Briggs & Stratton Money-Saving Lawn Care Tips

“When budgets are tight, get more creative and do it yourself.” – Briggs & Stratton Yard Doctor Trey Rogers

keep your lawn hydrated

Get that gorgeous green on a budget

MILWAUKEE – Getting a great looking lawn and yard this year doesn’t have to take a bunch of green from your pockets, according to top lawn and landscape experts. With a few hours over the weekend and less than a hundred bucks, any homeowner can make changes that will positively impact their home.

“Some of the best improvements you can make in your yard can be done with a few dollars and a few hours,” says Yard Doctor Trey Rogers, Ph.D., the Briggs & Stratton Yard Doctor who has helped improve green spaces from everyday yards to Olympic playing fields. “When budgets are tight, get more creative and do it yourself.”

What can you do on the cheap?

• Use the magic of bark mulch: Few things dress up a yard more than mulch properly applied on flowerbeds and around trees. It provides that finished look and is good for the plants because it keeps moisture in the soil. Cost: About $3.00 per bag.

• Mow the right way: Don’t scalp your lawn thinking you will have to mow less often. Instead, simply mow less often by letting your grass grow another inch or so. It’s healthy for the lawn and helps squeeze out weeds. When you do mow, cut only one-third the length of the lawn. Cost: The going price for a gallon of gas, enough for a month of mowing for many homeowners.

• Fertilize naturally. When you mow, leave a light layer of grass clippings on the lawn which will become a natural fertilizer. Even better, a mulching mower finely minces the grass clippings so they decompose more rapidly. Doing this is equivalent to one fertilizer application for the year. Cost: $0.

• Add clay pots filled with flowers: Clay pots look good in front of any home. You can even spray paint them to match your trim or front door. Save on potting soil by creating false bottoms in large pots using Styrofoam or even crumbled newspapers. Annual flowers are also less expensive than perennials and you will find a wide choice of colors and sizes. Cost: $2-7 per pot plus flowers.

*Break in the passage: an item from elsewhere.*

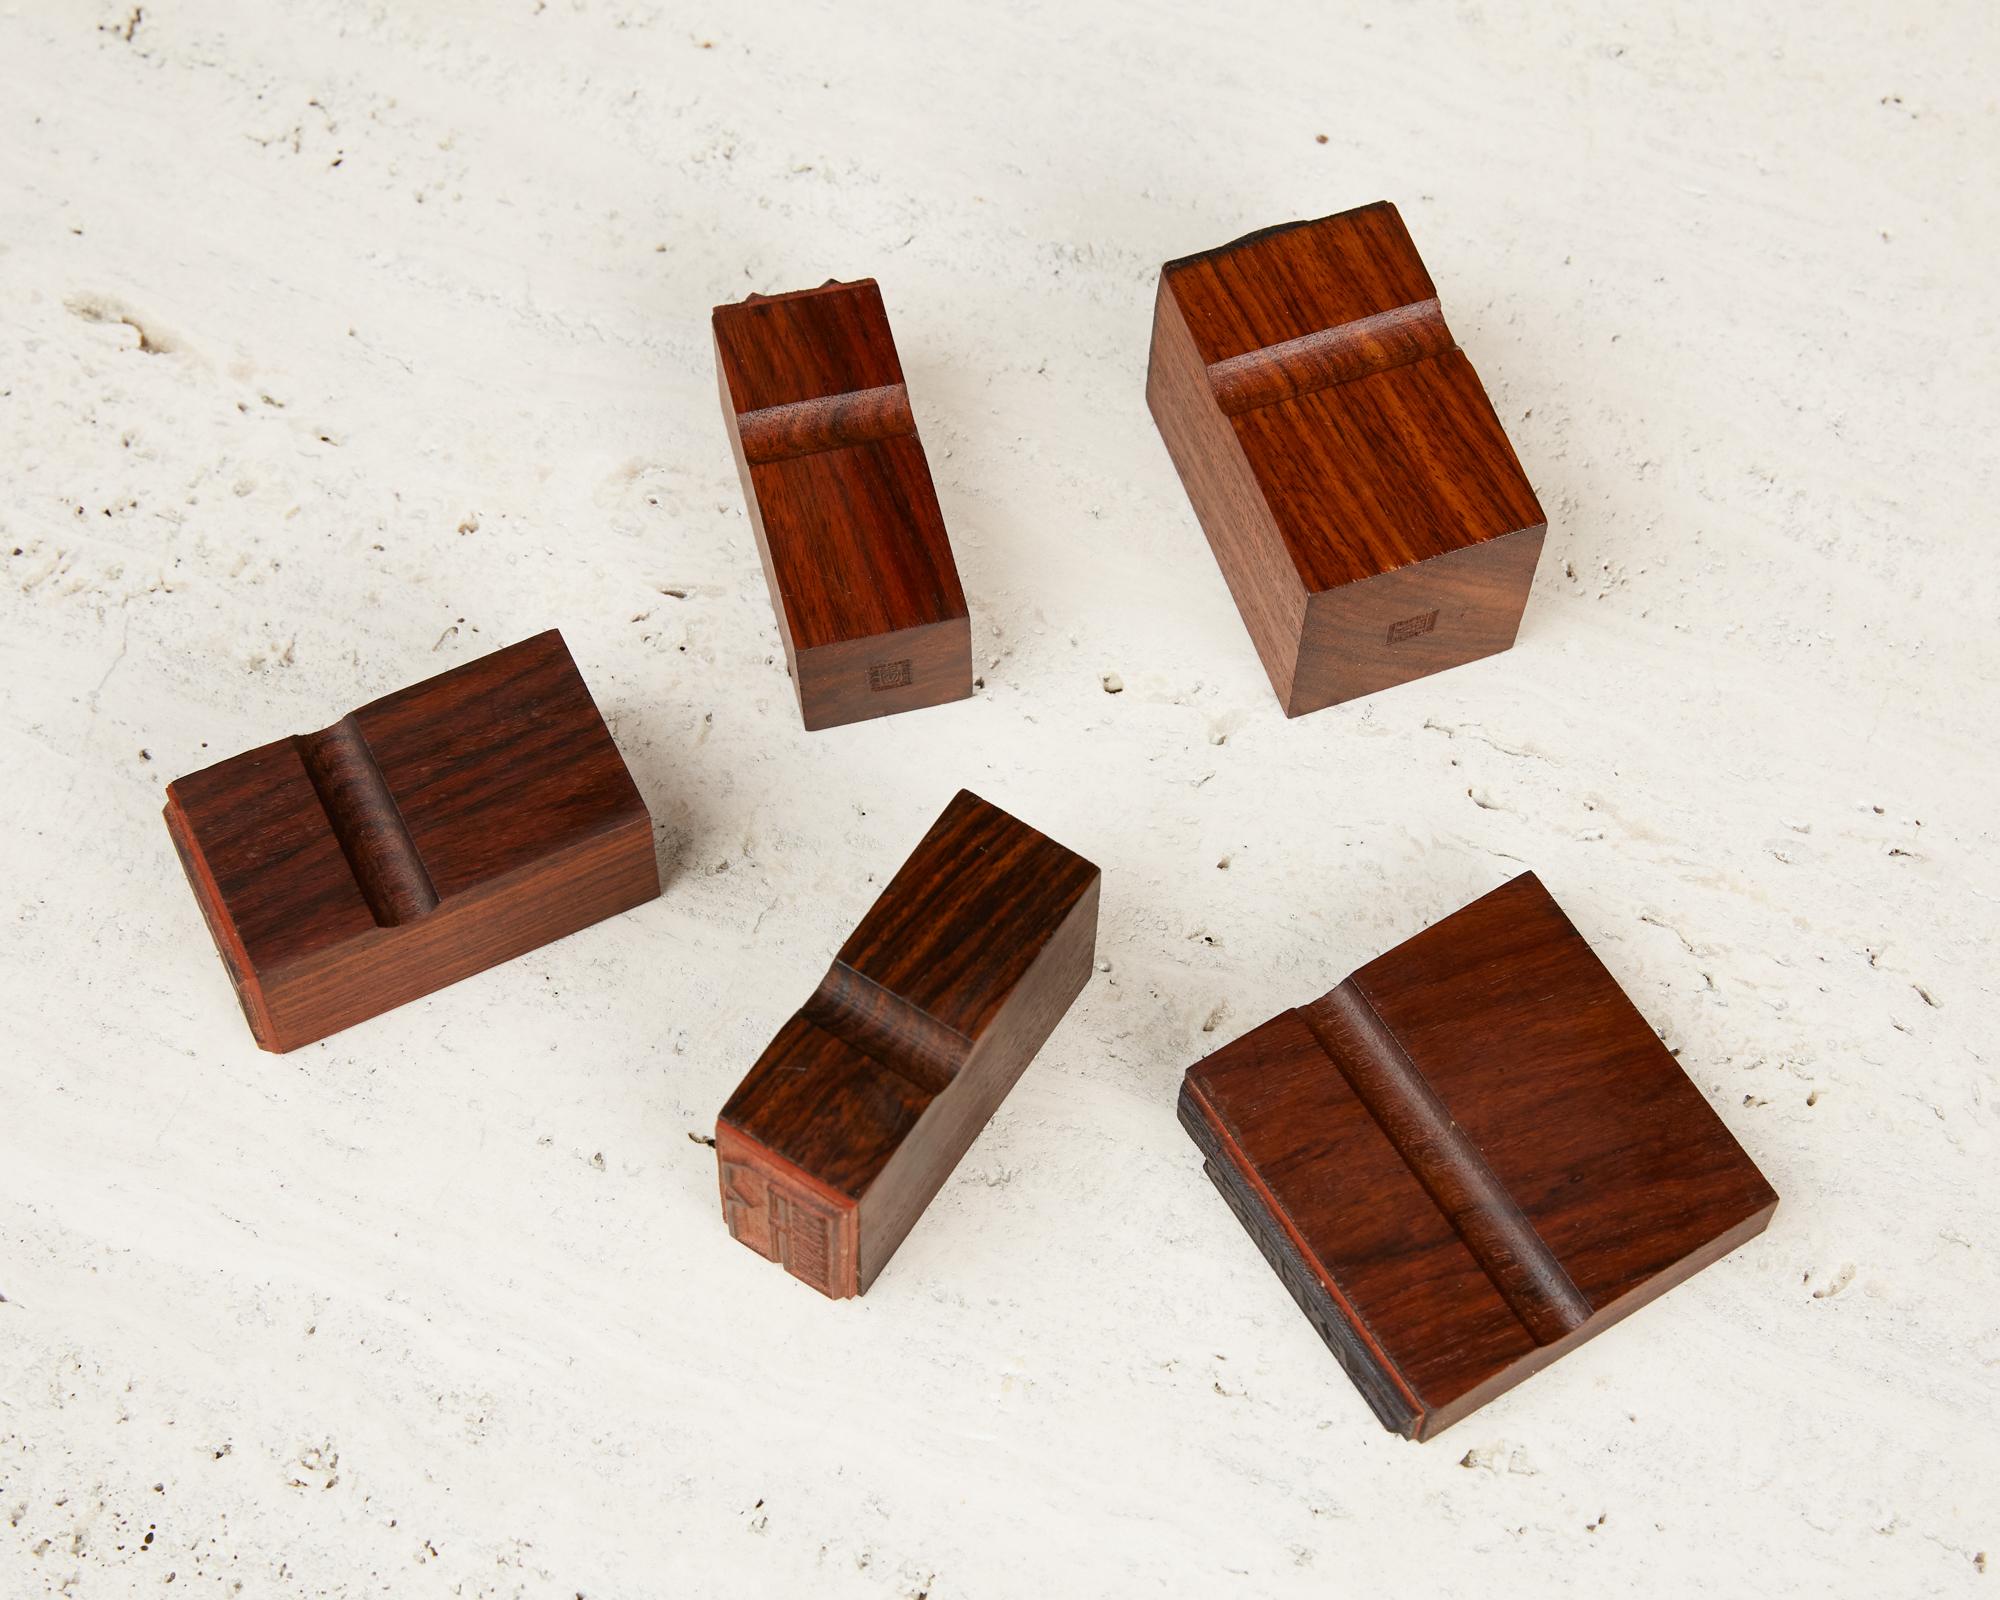 Set of five rosewood and rubber mail stamps by Bruno Munari for Danese, Italy, c.1960s. Bruno Munari was an Italian graphic artist and industrial designer who created a large collection of office products and lighting for Danese and other Italian

• Start a compost pile. This costs nothing but a little time as opposed to purchasing bags of compost at the garden center. It’s easy. Start a pile that includes most leftovers from your meals (excluding proteins). Add coffee grounds, egg shells, vegetable peels and yard waste, such as leaves and grass clippings. Keep it damp and stir it occasionally and you will have nutrient-rich compost in a few months. Cost: $0.

• Take 30 minutes to maintain your mower. Do preventive maintenance once a year on your own. Change the oil, clean or replace the spark plug, and change the filters. This simple task cuts emissions, makes your mower run better and may save you from repair bills down the road. Tune-up kits are available to make it easy. Cost: $10-24 depending on your mower.

• Let nature water your lawn. Your lawn needs about one inch of water a week to be green and thrive. But, if water is costly where you live, let nature handle irrigation. If too little rain falls, your lawn may go dormant but, unless you are in a drought situation, it will green up again when the rain falls. Cost: $0.